Even before the controversy over the Price Waterhouse Cooper (PWC)’s account fudging to help Satyam Computers could die down, Deloitte, a global financial services company, has landed in soup for allegedly compromising with its accounting standards.
When Satyam Ramalinga Raju found a compromising auditor in PWC, Jagati Publications Limited, the media house owned by Kadapa MP Y S Jagan Mohan Reddy, utilised Deloitte to overrate his company’s worth for better positioning on the stock market.
Deloitte manipulated the valuation of Jagati Publications up to Rs 3,500 crore instead of an actual valuation of Rs 2,500 crore and even predated the valuation to enable Jagan’s company sell equity stakes at high premiums of over Rs 350 per scrip. P N Sudarshan, senior director of Deloitte Touche Tohmatsu India Private Limited, on Wednesday made a startling confession to the Central Bureau of Investigation (CBI) that Jagan’s clout and political pressure drove the company to compromise on credibility and concede to their demands.
Sudarshan disclosed in a recorded statement under Section 164 of CrPC before a magistrate that Deloitte was pressured by Vijay Sai Reddy, the auditor of Jagati Publications Limited, to overvalue the firm.
He claimed that on compulsion they gave the assessment with a predate of November 2007 as against the actual date of April, 2008.
According to him, Vijay Sai Reddy informed them that the report was for internal audit purposes only, but was later made public and shown to prospective Jagati investors who were made to buy the stakes at high premiums.
The CBI recorded Sudarshan’s statement as witness the same way it recorded the statement of Congress leader Varadarajulu Reddy’s son, Konda Reddy, in the Obulapuram Mining Corporation case.
The investigating agency has already named Vijay Sai Reddy, vice-chairman and former auditor of Jagati Publications, as an accused.

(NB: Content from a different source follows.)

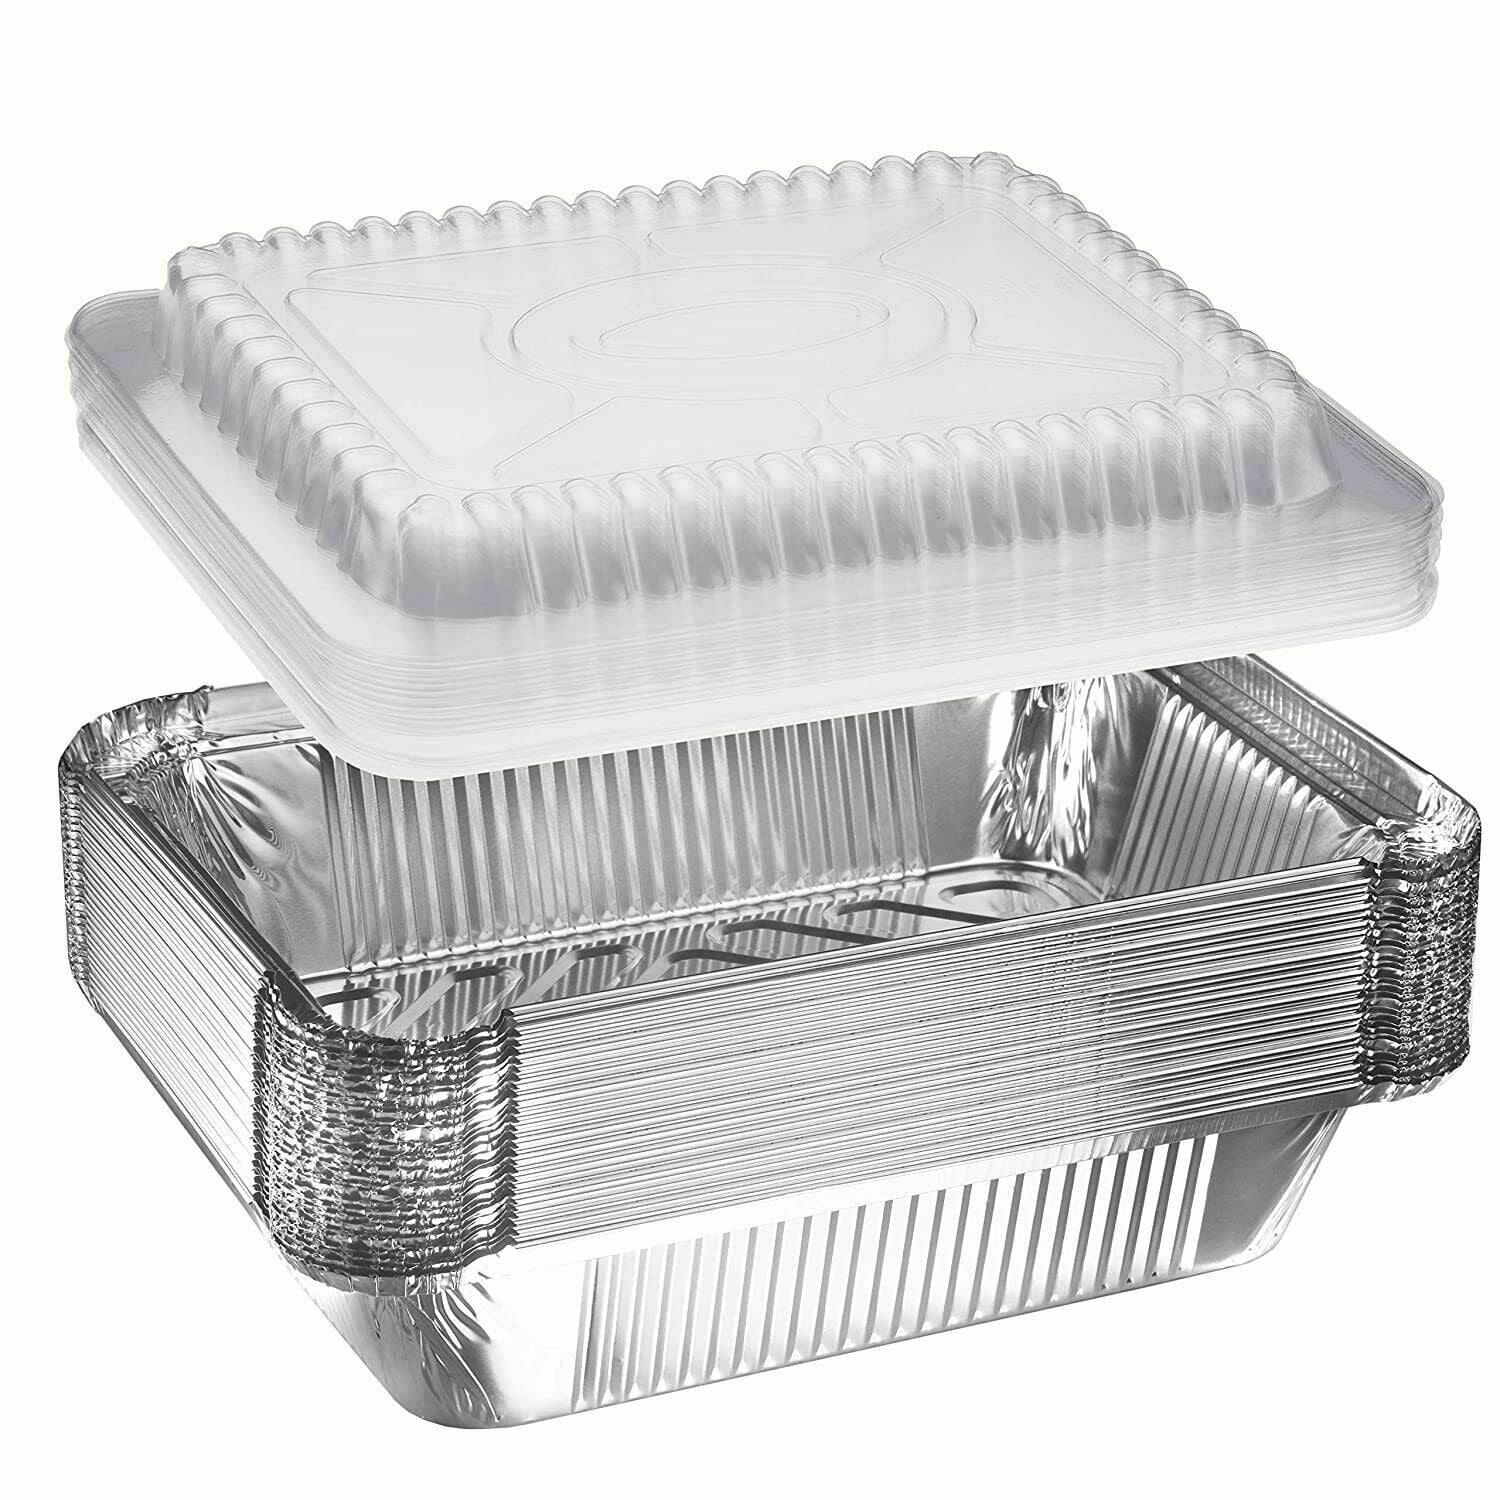 Idl Packaging Flat Foil-Covered Cardboard Lids for 4 lb. Oblong Aluminum Pans 13 inch x 9 inch (Pack of 10)

The investors, representatives from several corporates like Hetero Drugs who were summoned by the CBI, have informed agency sleuths that they had made the investments based on the audit report of Deloitte.
“We gave the valuation report in 2007 relying on the documents provided by auditor Vijay Sai Reddy and did not verify the details,” said Sudarshan. Deloitte spokesman Malika Kumar said that the company extended full cooperation and assistance for the investigation.
Another auditing firm, Jagadisan and Company of Chennai, valued the three firms at Rs 410 crore, including Jagati at Rs 196 crore, Indira TV at Rs 185 crore, and Janani Infra at Rs 29 crore even before the media house floated by Jagan had even opened up business.
Deloitte claims Jagan’s auditor Vijay Sai Reddy had violated the normal terms made with them not to use it for market purposes. It is a clear violation of customer-auditor confidentiality agreement.
But, Deloitte had not reported any such agreement to either the Sebi or other regulators when the Jagati Publications had used the document to induce investors.
When asked why the same ethical standards were not observed in respect of public interest, a Deloitte representative said they were promised by Jagati that they would not publicly quote it.
As a result many investors who were granted land under the special economic zone (SEZ) in the state were made to buy shares of a company with a market value of Rs 30 only at an exorbitant price of Rs 350 per scrip. Sai Reddy may be arrested soon.
The Enforcement Directorate (ED) on Thursday issued summons in connection with the money laundering case to Jagan. The ED has asked him to send an authorised person who will answer questions on his behalf at its New Delhi headquarters on or before November 28.